Mr Duncan Smith's demand, which has been backed by Liberal Democrat spokesman Menzies Campbell, came after a new report said there was an "unquantifiable risk" associated with the software on board the RAF Chinook, which crashed in June 1994.
The report by the National Audit Office (NAO) into the RAF's fleet of Chinook twin-rotor helicopters quoted Ministry of Defence experts as saying the safety-critical software was "not fit for purpose".
The report, published on Friday, says the MoD team found the engine-control FADEC software to be "unverifiable".
The Chinook was carrying some of Britain's top security experts when it crashed.
An RAF inquiry subsequently returned a verdict of "gross negligence" against the two dead pilots, Flight Lieutenants Jonathan Tapper and Rick Cook, who were accused of calculating a wrong rate of climb.

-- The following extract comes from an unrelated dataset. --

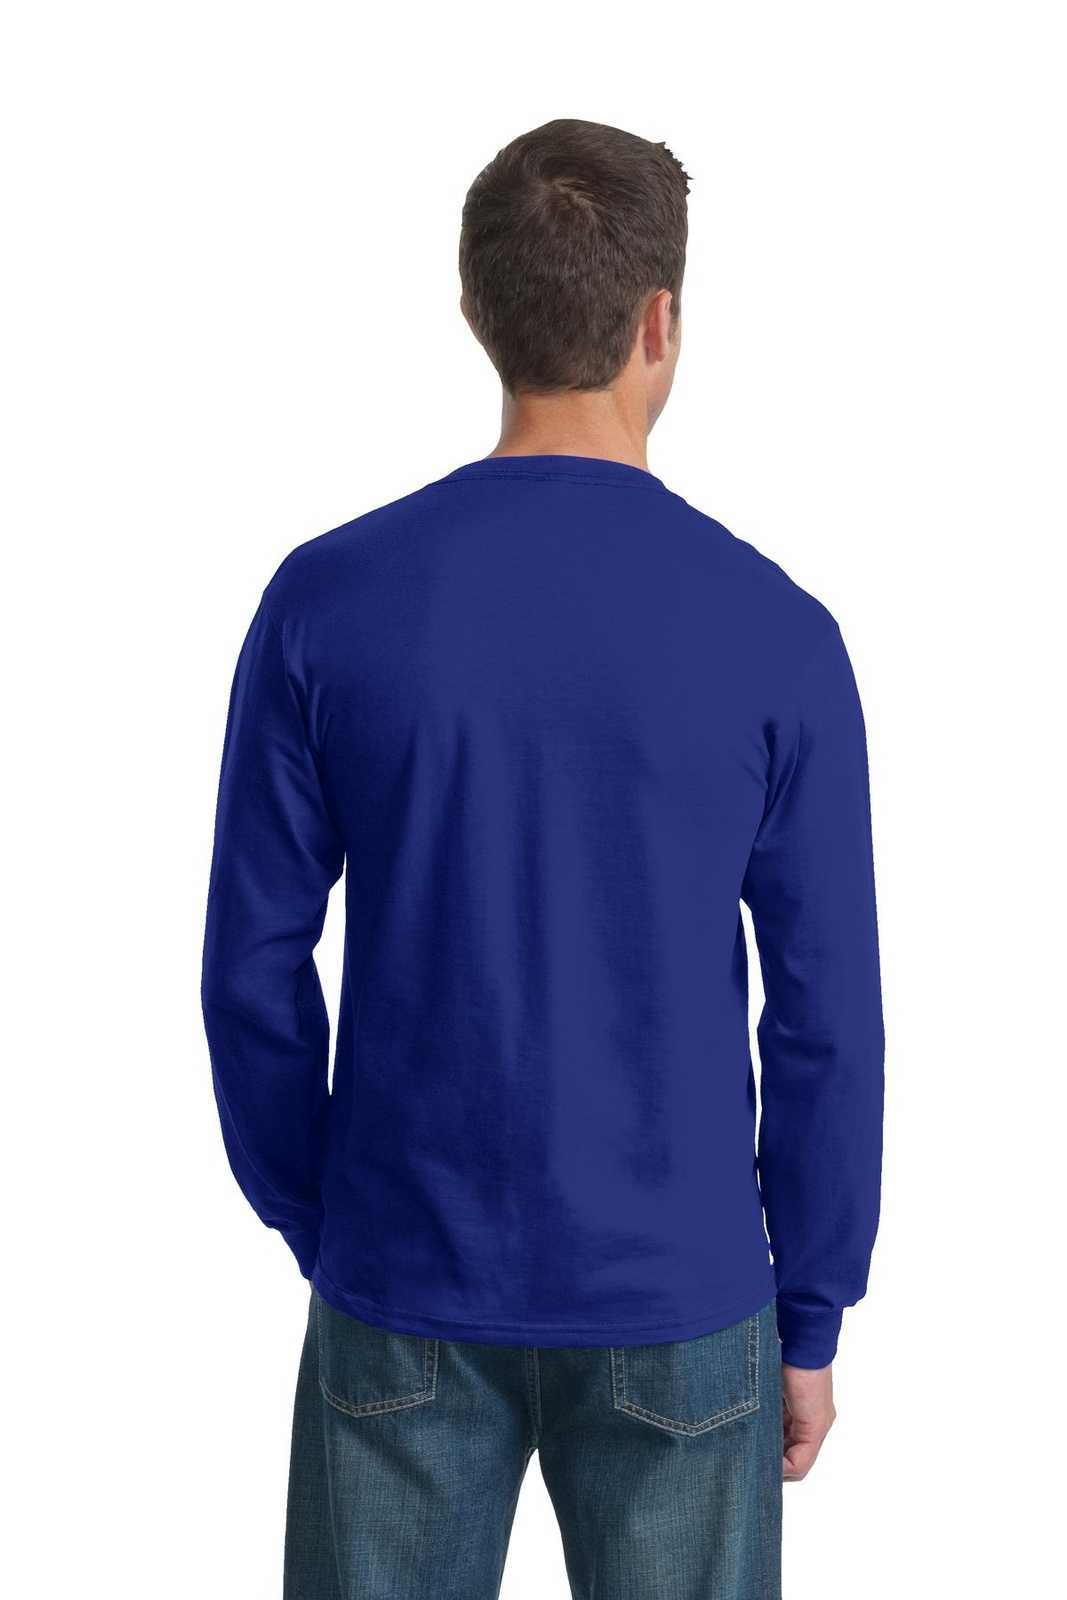 Fruit of the Loom 4930 HD Cotton 100% Cotton Long Sleeve T-Shirt - Royal - HIT a Double

But their families have long pressed for a new inquiry, claiming it would prove the software was to blame for the wrong rate of climb.
Despite claims the FADEC system software was unsafe, the government has continually refused to reopen the inquiry because of a "lack of new evidence".
Mr Duncan Smith said: "The NAO report clearly highlights the need for an independent inquiry into the Mull of Kintyre Chinook helicopter crash, which I have been calling for for some time."
He said: "We believe in the interests of fairness, to stop all further speculation and, above all for the peace of mind of the families who died and of the servicemen now piloting the Chinook helicopter, it is necessary to clear the air on this issue once and for all."
Mr Campbell said the new report "added more weight" to calls for a new inquiry.
He said: "The information that the Ministry of Defence approved a fleet of Chinooks, despite the Defence Evaluation and Research Agency's warning of the 'unquantifiable risk' associated with on-board software, is profoundly disturbing.
"In the light of this evidence the government now owes it to the families of the dead pilots to re-examine the case."
The NAO report summarises concerns expressed by the Ministry of Defence's own software specialists at Boscombe Down.
Experts at the Wiltshire facility found that the software in question was "unverifiable" and, in their view, not fit for the purpose.
The government auditors also say that the Boscombe Down experts were critical of the amount of testing to the FADEC system carried out by its manufacturer.
In October, a House of Lords debate concluded there was no justification for holding a further inquiry.
Defence Minister of State, Baroness Symons of Vernham Dean, said the government was "more than willing" to look at any new evidence but it did not feel there was any reason to reopen the original investigation.
The aircraft was ferrying its passengers to Inverness from Northern Ireland when it came down in thick mist.
The RAF board of inquiry which followed said the likeliest cause, based on the limited evidence, was that the helicopter's rate of climb was wrong and technical malfunction was unlikely, although this could not be positively disproved.
-- Homer Beanfang (Bats@inbellfry.com), February 11, 2000
There are two items to consider here.
First, the powers-that-be believe that it was pilot error. I can see no reason why they would blame a software malfunction on two dead pilots.
Second, even if there were software problems with the FADEC (full authority digital electronic controls), the software engineers involved in FADEC design say that there is no date-sensitive coding, so it's not Y2K related or anything like that.